Re: The Problem
That worked for Adobe - but only because Adobe have a de-facto stranglehold on the creative industry (effectively, if you are in the design/print business then your clients will expect you to be able to handle Adobe documents).
But contrary to what others have said, Deere don't have that degree of stranglehold. A tractor is basically a commodity item with stable and well defined interfaces. If you drag something, then there are industry standards about how you couple it; if you attach an implement, again there are industry standards for the 3 point linkage; ditto for the power take off; ditto (more or less) for hydraulics. Basically, for any specific weight/size/power of tractor, you can largely swap that tractor out for any other make of a suitable weight/size/power.
And there are plenty of manufacturers around. Ford, Case, Massey Ferguson come immediately to mind. But there's also Lamborghini (made tractors before they made cars) and a host of other little known makes. And that's before you get to the Russian and Chinese models - a lot of which appear to be either copies of, or perhaps they bought the tooling from, well known makes like MF.

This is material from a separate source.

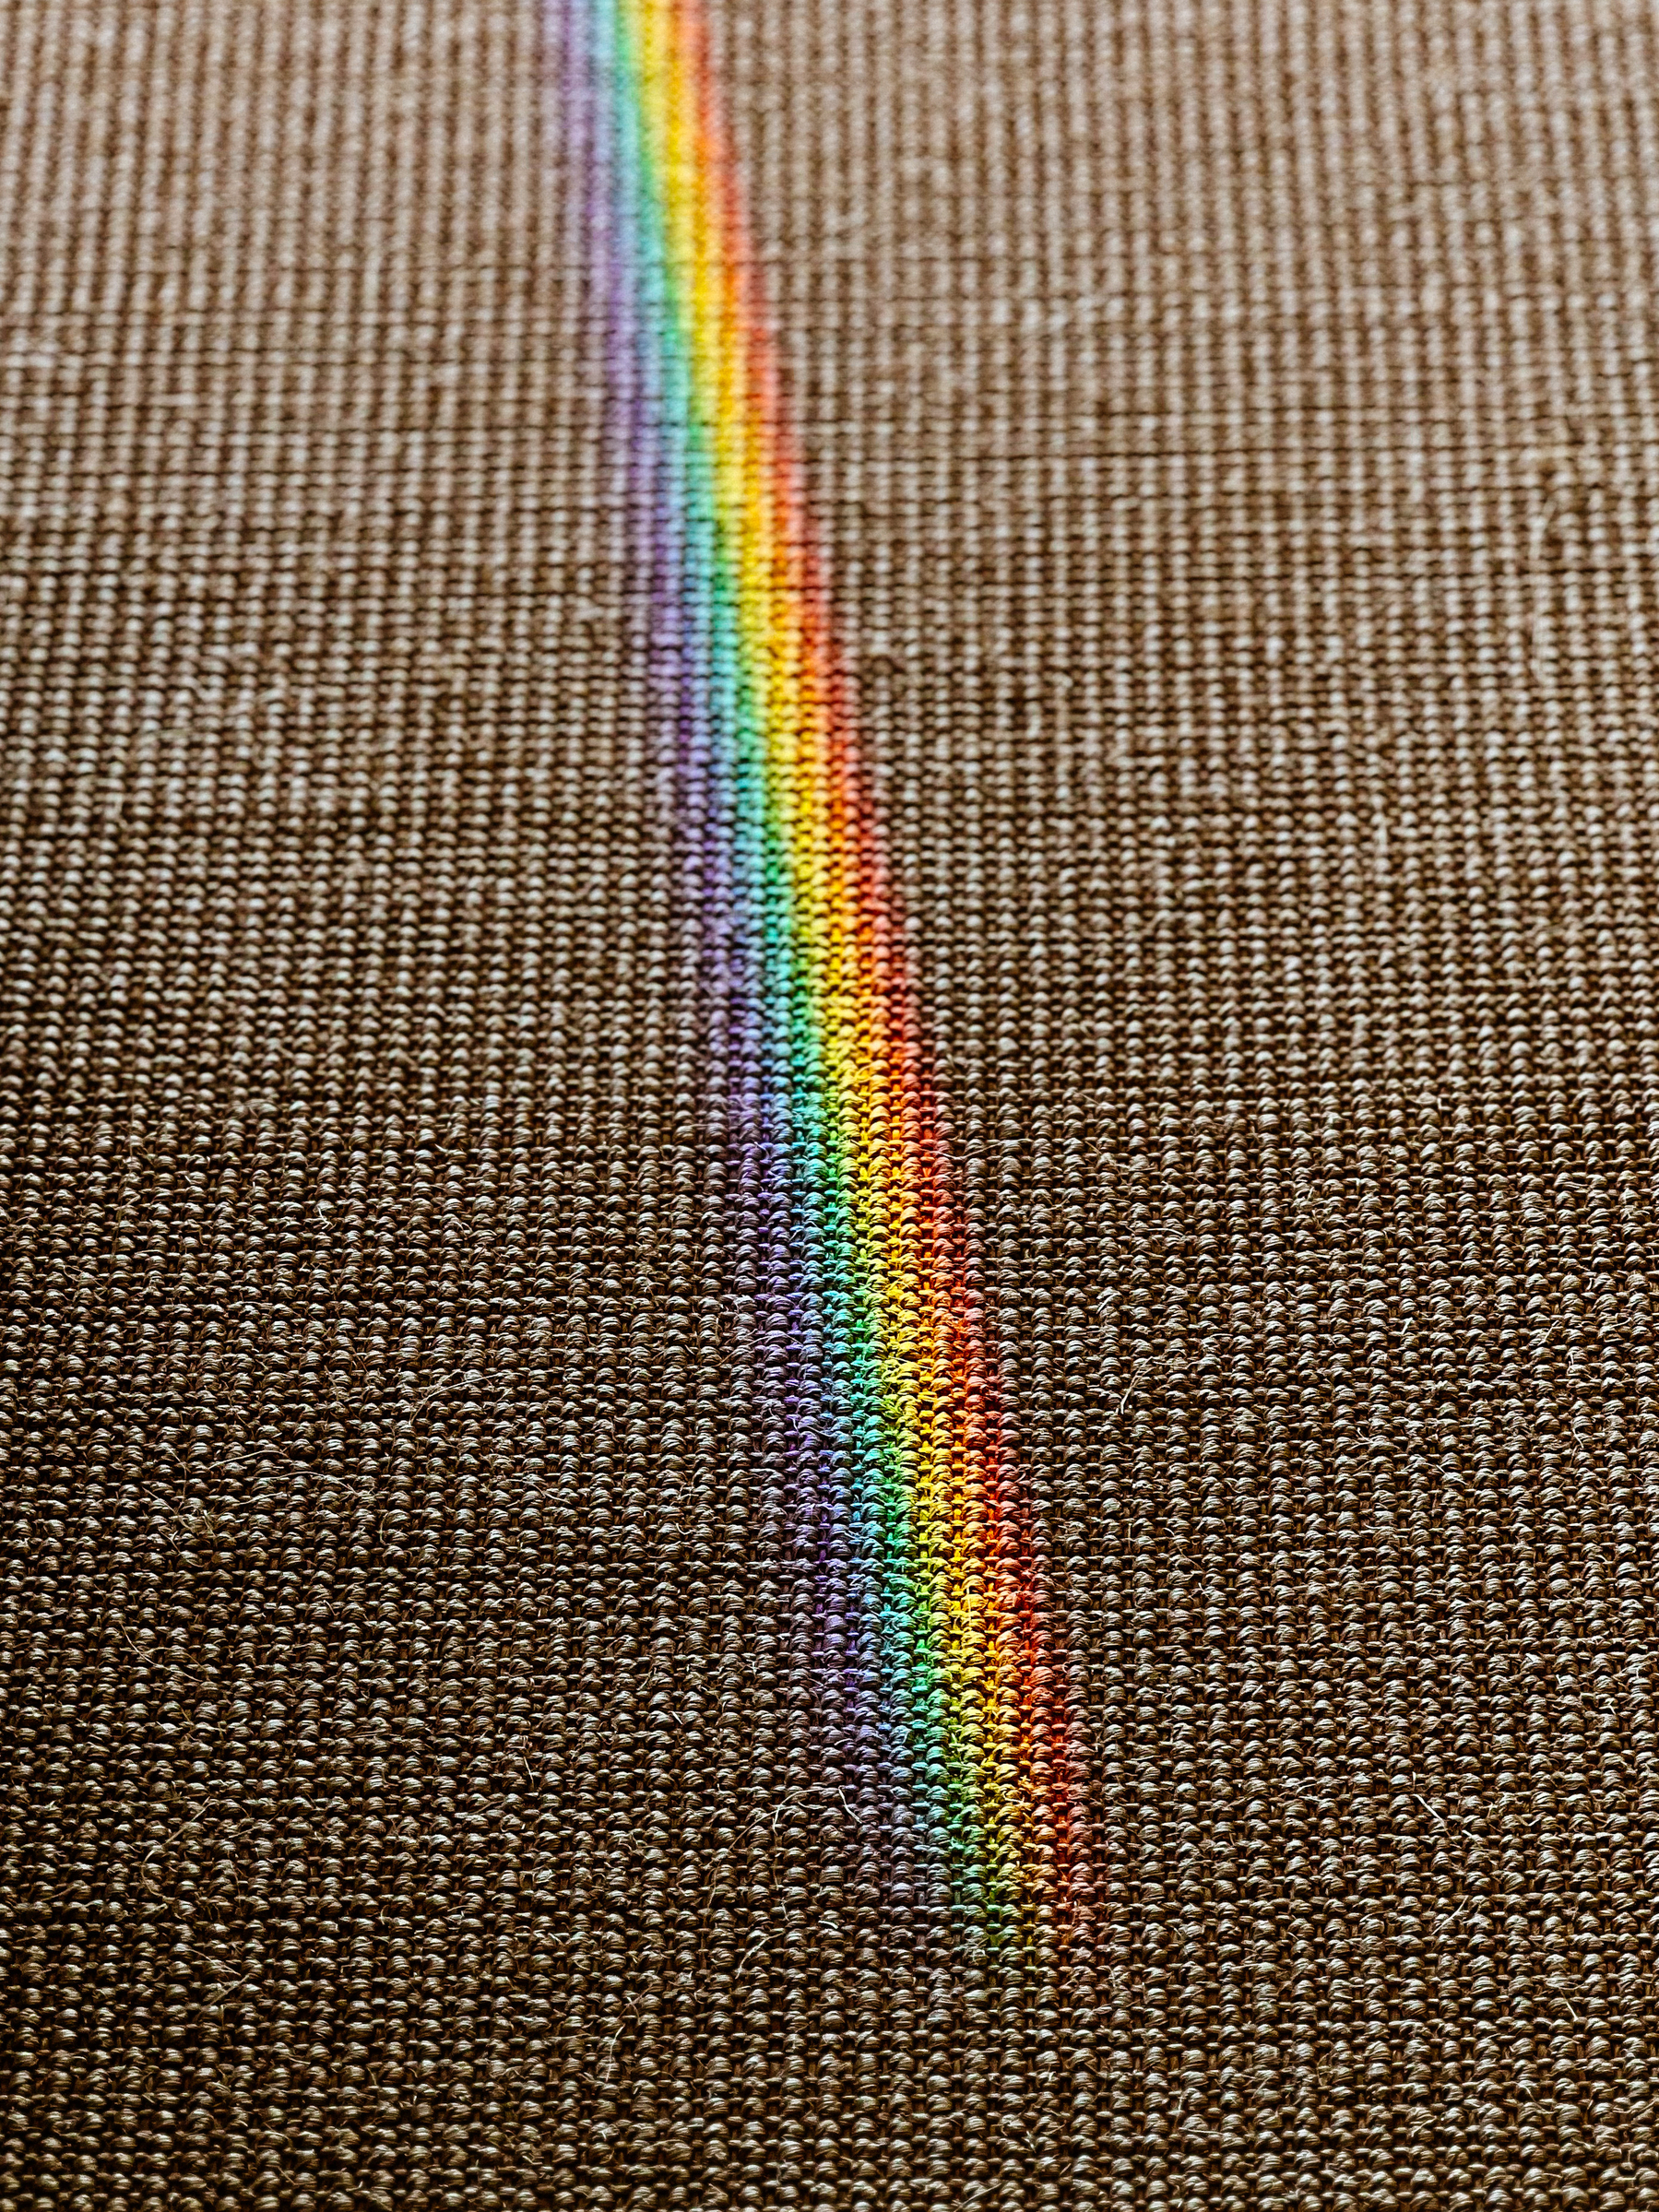 A rainbow is seen on the carpeted floor.

So Deere can take the decisions to stop selling outright, but their sales teams will very quickly be feeding back to management that they might as well scale back manufacturing capacity a lot. They'll get some lease deals - big operators do tend to lease more of their kit - but they'll lose pretty well all of their sales to small and mid size customers.
One thing that does tend to get attention is when [big vendor's sale person] comes calling to collect his next sale - he sees that amongst your current [big vendor] kit parked in the yard, there is now a competitor's product. The sales person knows very well that once you've bought one of something else, unless it turns out to be a lemon, then it's unlikely to be the last.